For both the RNA editing and allele-specific expression applications of mmPCR-seq, the researchers produce saturating levels of amplicons at each site of interest so that coverage becomes uniform, Li said, though the ratios between alleles can still be observed in the subsequent sequencing data.
"Here, you want to measure the ratio between two alleles," he explained. "You're not necessarily interested in the gene expression levels across different SNPs."
The team barcodes amplicons from each sample to a deep sequencing step, often pooling barcoded samples from multiple chips so that hundreds of samples can be sequenced simultaneously.
For their proof-of-concept Nature Methods paper, the researchers focused on samples with well-characterized gene expression profiles, demonstrating the mmPCR-seq provided ASE information that matched that ascertained by RNA sequencing in combination with genotyping patterns obtained from DNA sequence data.
The same general approach is used when using mmPCR-seq to assess RNA editing and ASE, Li said, since both hinge on the proportion of each allele present at sites of interest.
He noted that the approach may be somewhat easier and more cost effective to apply for RNA editing applications, since only a few hundred key RNA loci seem to be affected by such events based on past mouse, fly, and human cell studies.
"For RNA editing, often we already know where the edited sites are and in our experiments we just target that set, no matter which sample we're using," he said.
In contrast, using mmPCR-seq to verify eQTLs or perform other types of ASE analyses may require more extensive primer design, though Li noted that it is still cost effective when looking at large numbers of samples.
"The drawback is that you have to know where you want to look," Li noted. "And for that set, you have to design primers."
The team is currently doing mmPCR-seq using Illumina instruments, adding Illumina adaptors to the amplicons at the time samples are being barcoded.
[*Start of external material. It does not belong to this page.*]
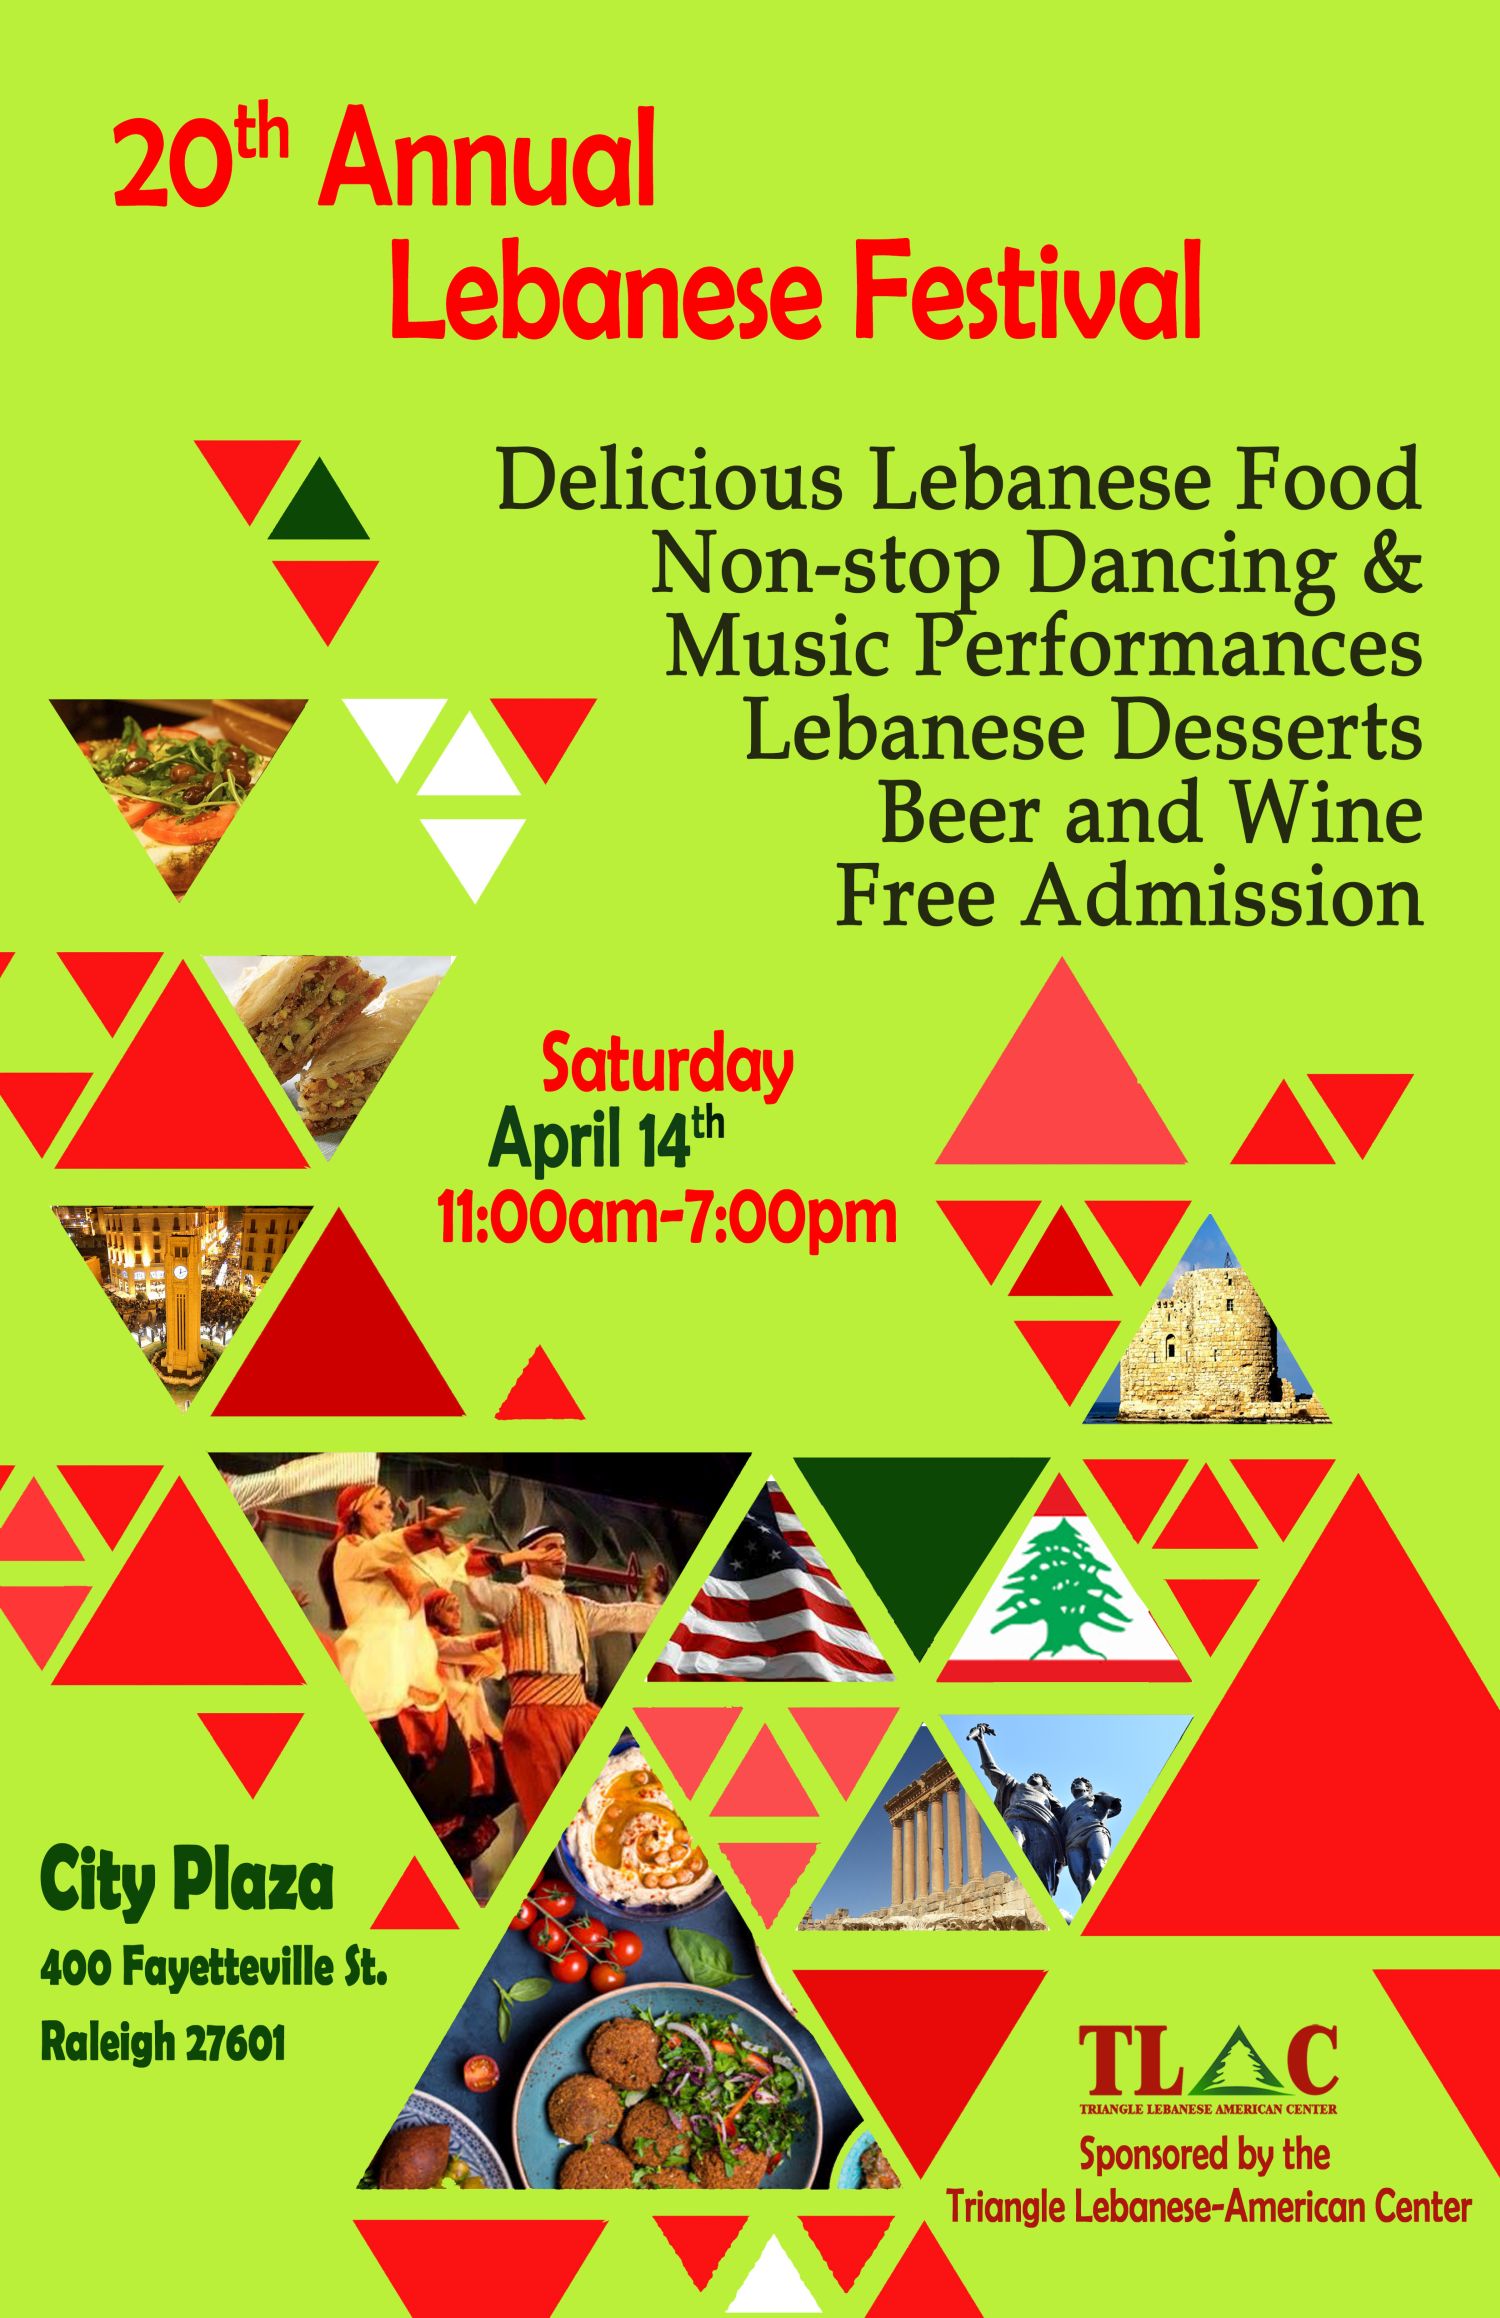 2018 Lebanese Festival Triangle LebaneseAmerican Center (TLAC)
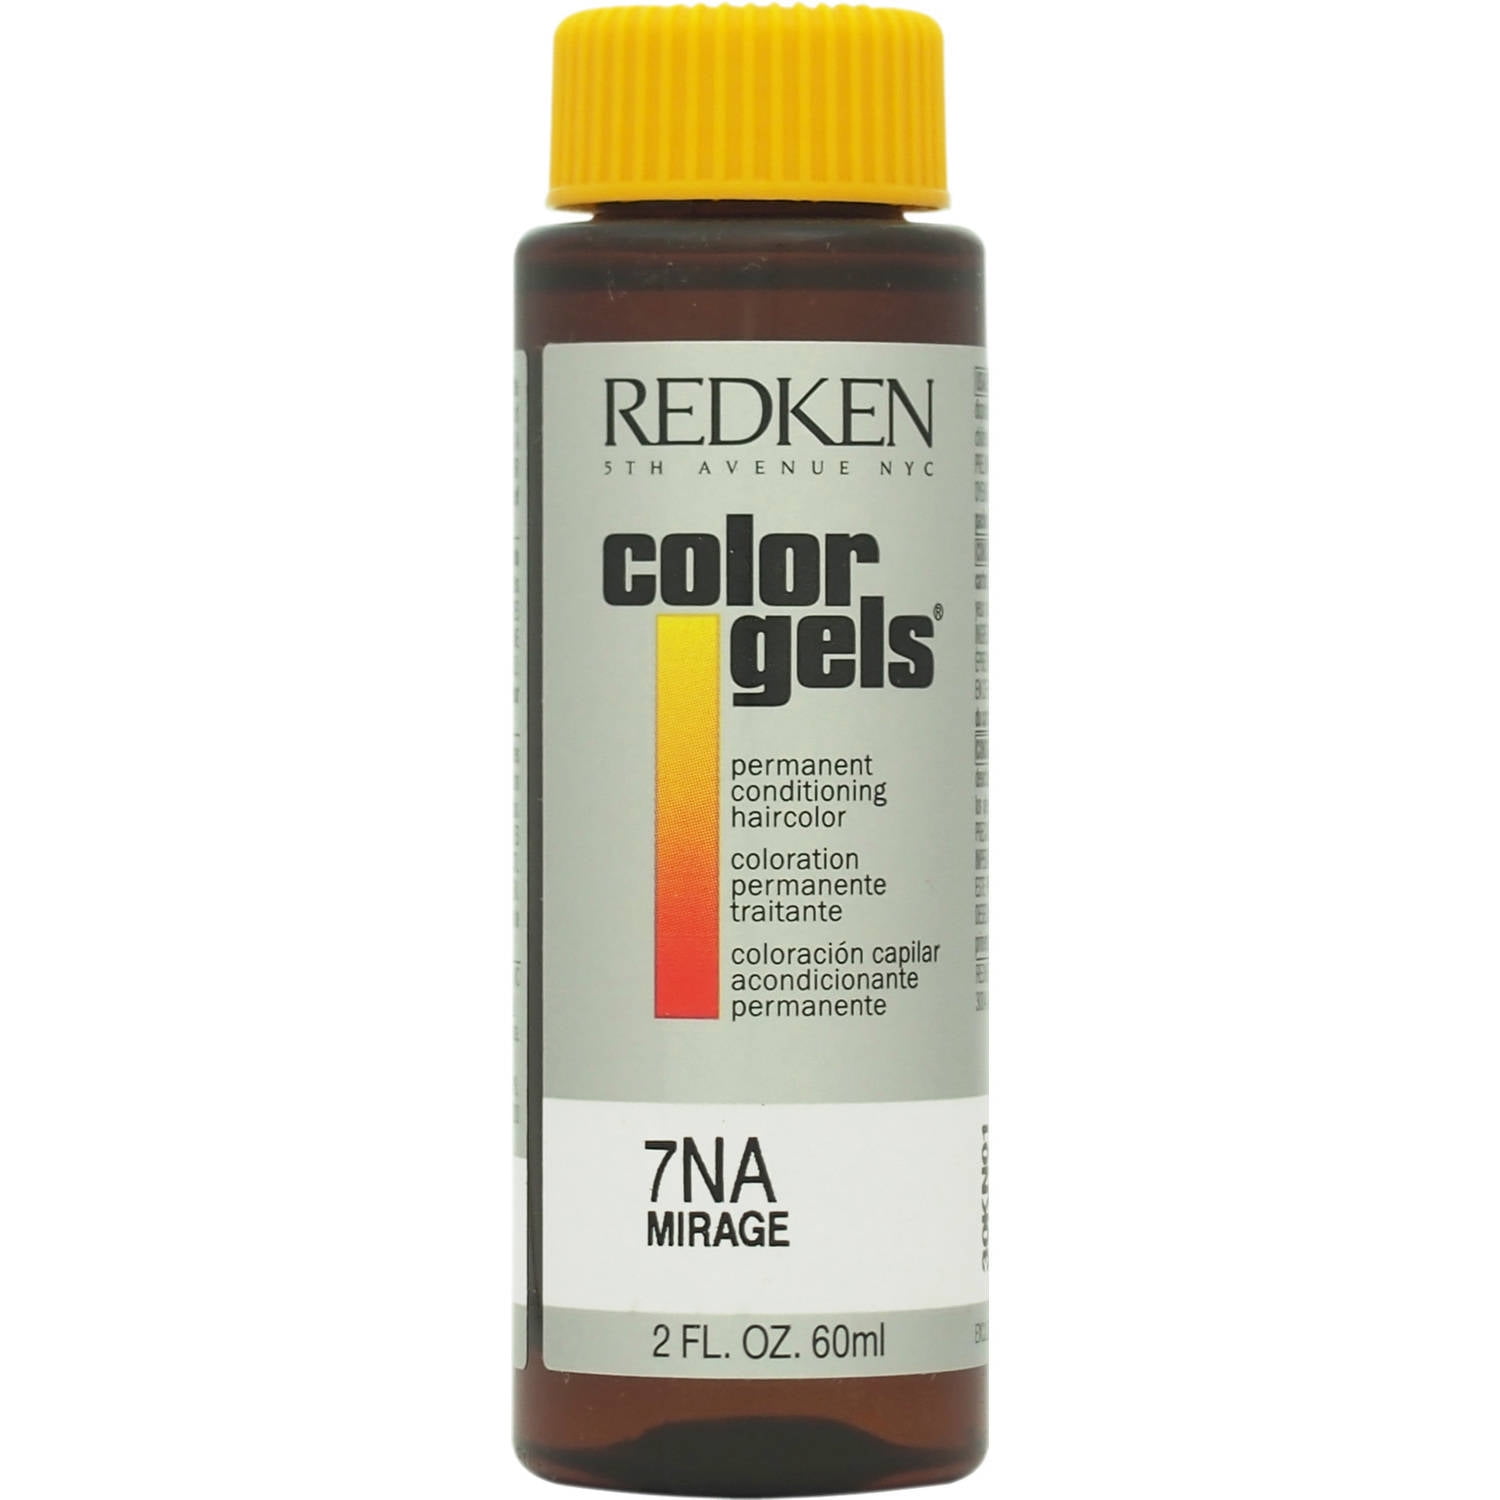 redken-redken-color-gels-permanent-conditioner-haircolor-7na-mirage

In their Nature Methods study, for example, the researchers generated deep sequence reads either by single-end sequencing using the Illumina HiSeq 2000 or with paired-end MiSeq sequencing. But Li said the same the general mmPCR-seq approach should be platform agnostic if researchers opt to add different adaptors during that step.
In the future, the team is interested in exploring options for applying mmPCR-seq to look at RNA editing and ASE in single cells. Li emphasized that the mmPCR-seq method is meant to complement, rather than replace existing RNA sequencing methods.